Post-embedding immunogold labeling for calbindin-D28k in turtle auditory papilla. A, Section through the apex of a hair cell (hc) and adjacent supporting cells (sc). Note the labeling of the stereocilia (st), cuticular plate (cp), and hair-cell cytoplasm but relative lack of labeling in the mitochondria (examples at arrows) and adjacent supporting cells (sc). B, Section through the basal region of a hair cell (hc) and adjacent supporting cell (sc). Note labeling of the nucleus (nu), nucleolus (nc), and hair-cell cytoplasm but lack of labeling in the mitochondria and adjacent supporting cell (sc). Scale bar, 0.5 μm.
Immunogold labeling for calbindin-D28k in turtle hair bundle. Longitudinal (A) and transverse (B) section of a hair bundle. Note that labeling occurs in the stereocilia (st) and kinocilium (k) and that there is some indication that stereociliary labeling is greatest toward their periphery (arrowheads), although this is not apparent in all profiles. Scale bars, 0.5 μm.

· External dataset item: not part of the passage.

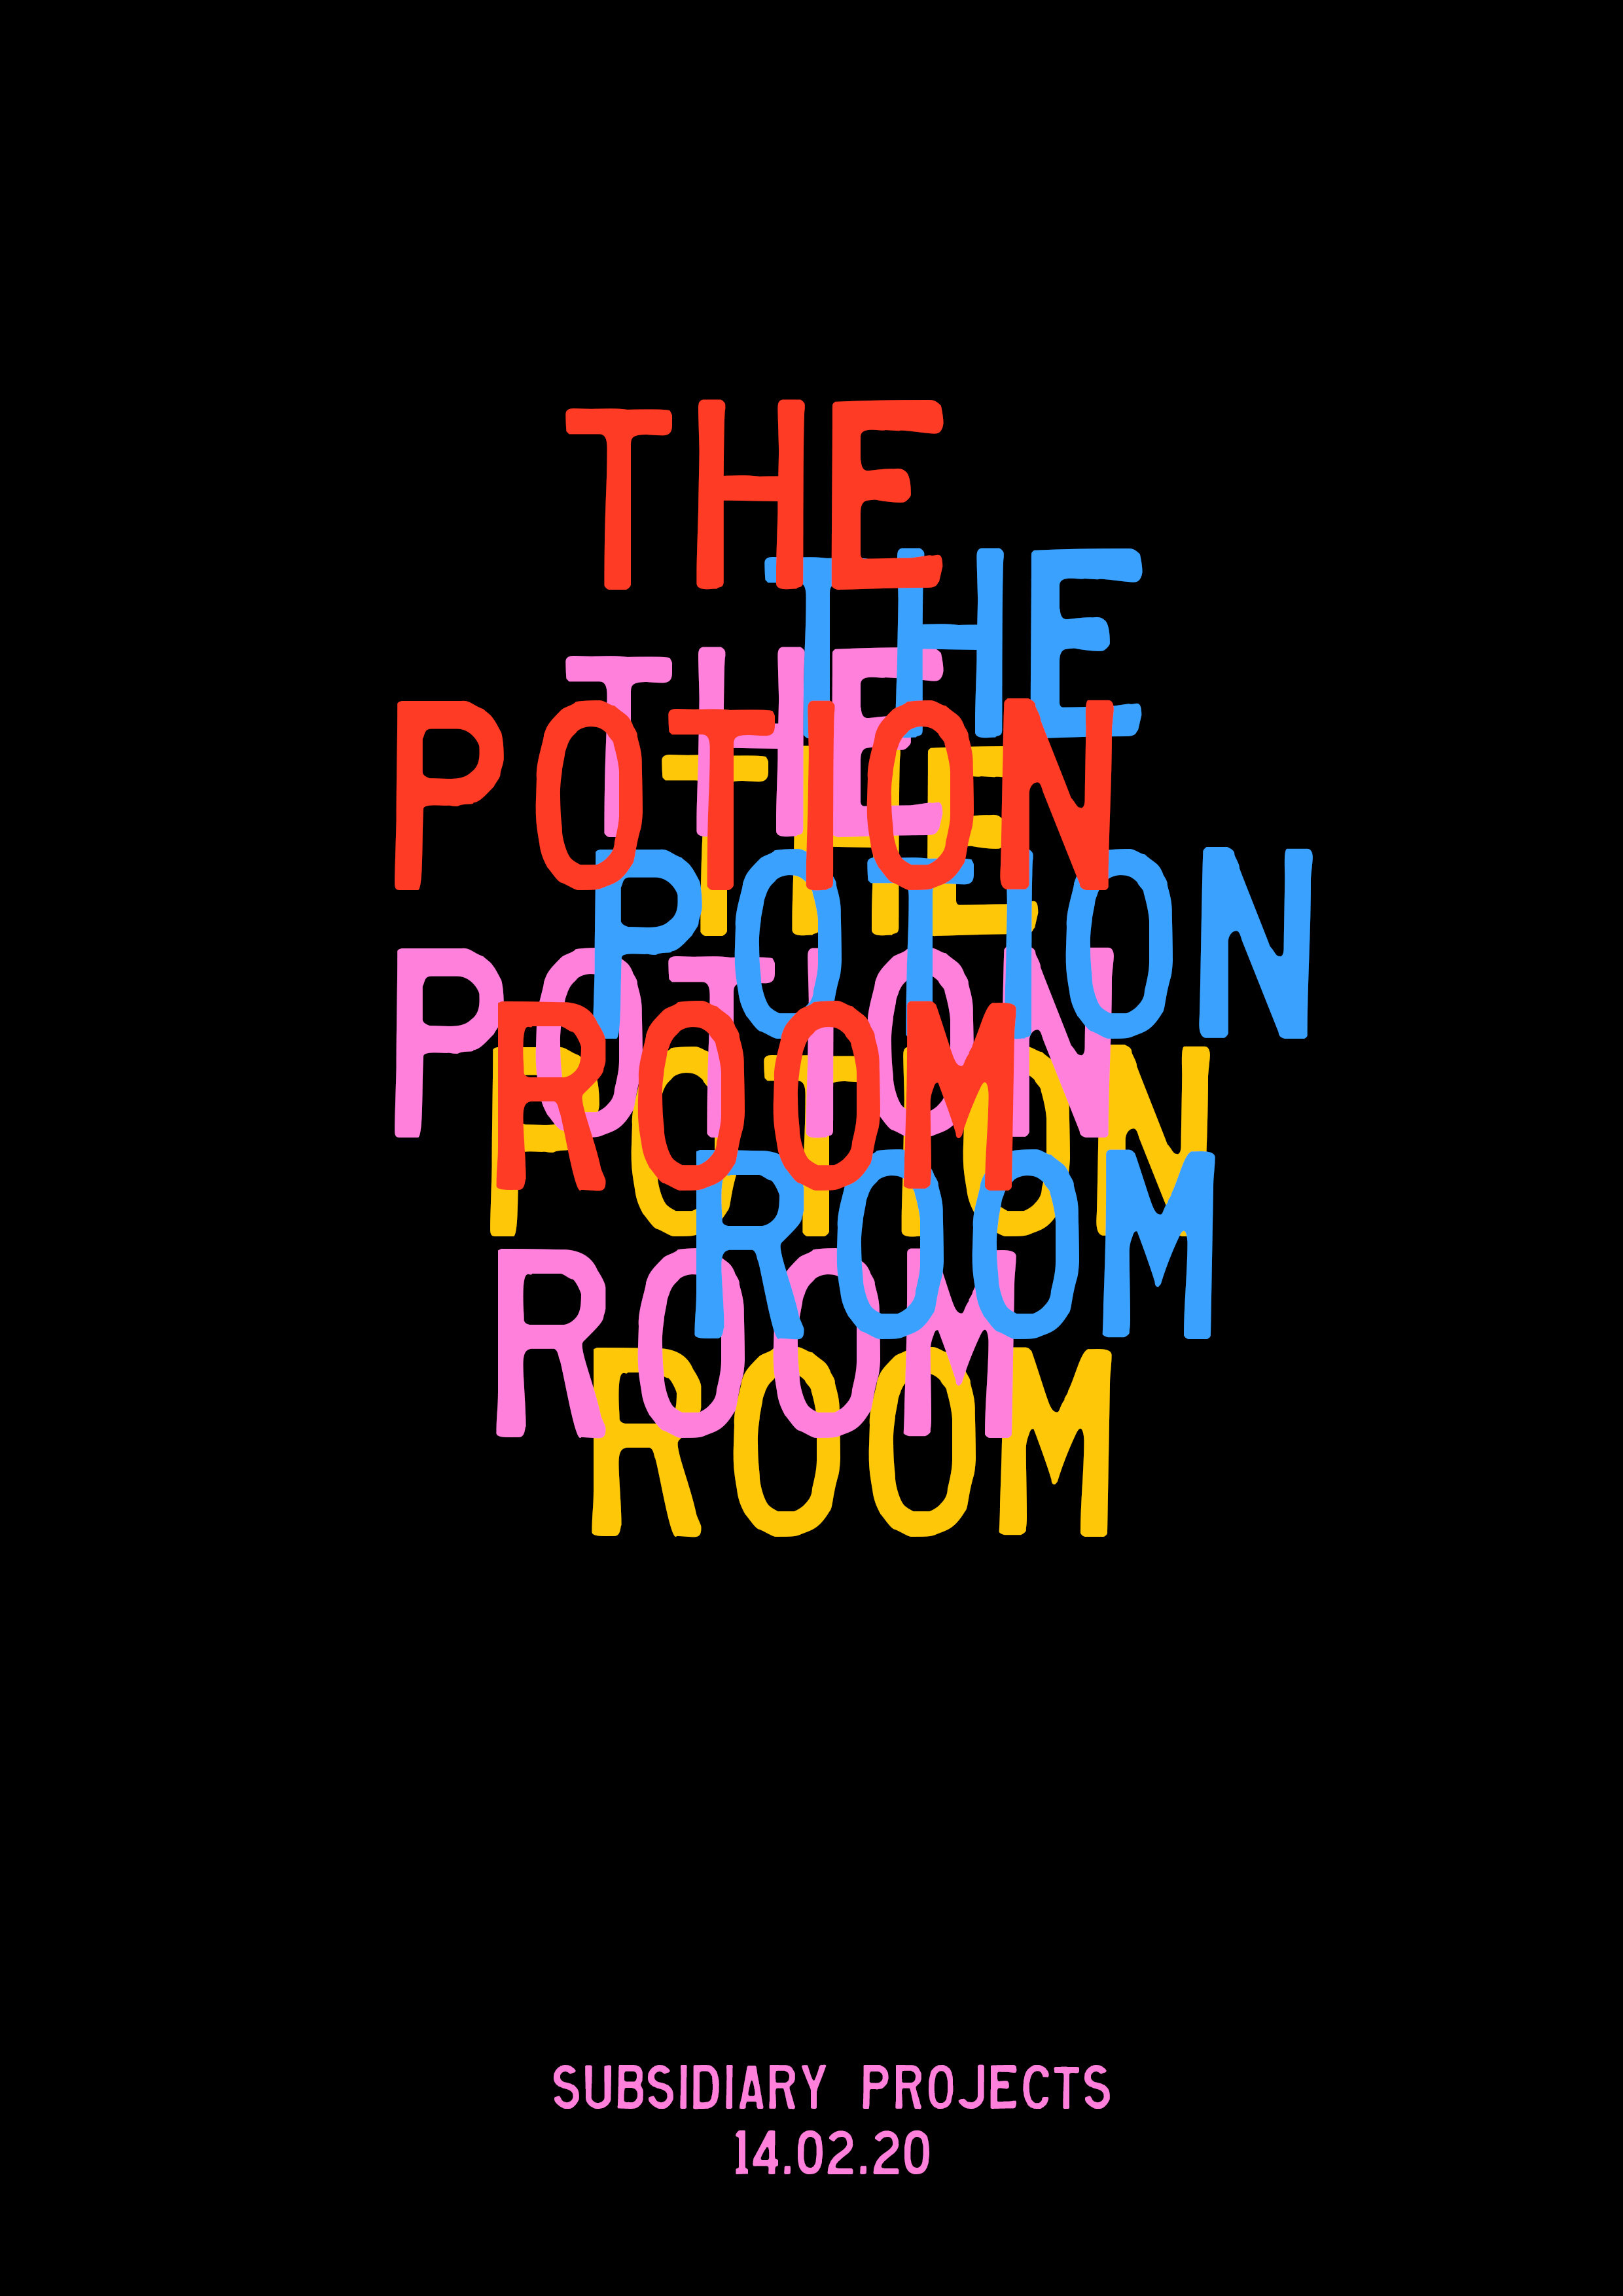 THE POTION ROOM_master.jpg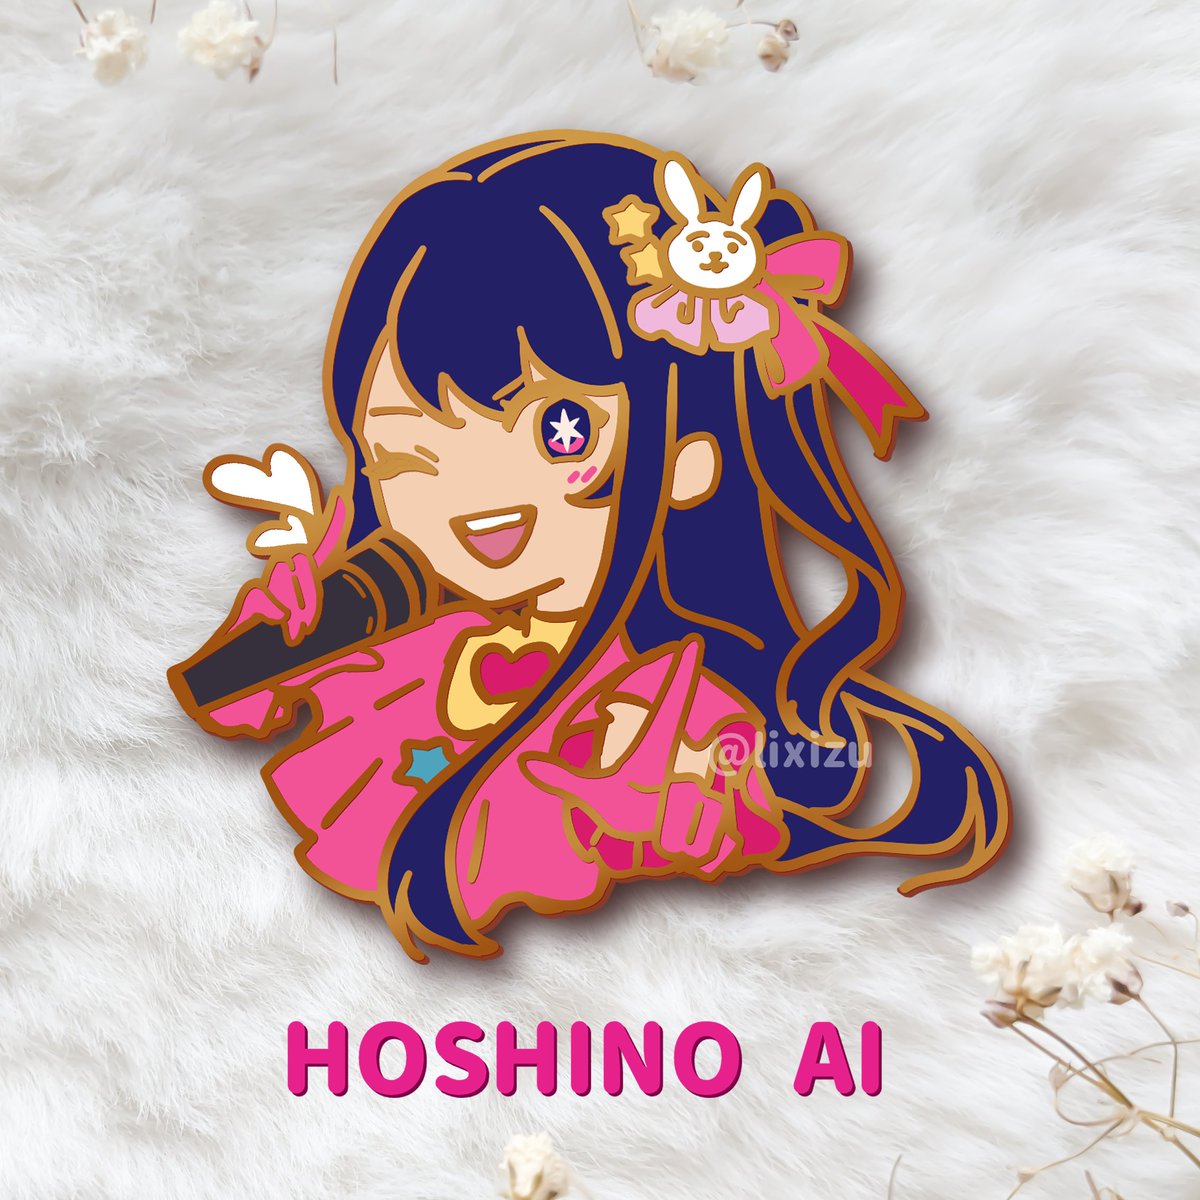 【RT's help me a lot!】 My Hoshino Ai pin is available on my site now! #OSHINOKO #hoshinoai

Post-embedding immunogold labeling for calretinin in turtle auditory papilla. A, Section through the apex of a hair cell (hc) and adjacent supporting cells (sc). Note the labeling of the stereocilia (st), cuticular plate (cp), and hair-cell cytoplasm but relative lack of labeling in the mitochondria (examples at arrows). Also note labeling in the cytoplasm of adjacent supporting cells (sc). B, Section through the basal region of a hair cell (hc) and adjacent nerve terminal (nt). Note that the nucleus (nu) is more heavily labeled than the hair-cell cytoplasm and note also the lack of labeling in the mitochondria. The nerve terminal and supporting cell (sc) are labeled. Scale bar, 0.5 μm.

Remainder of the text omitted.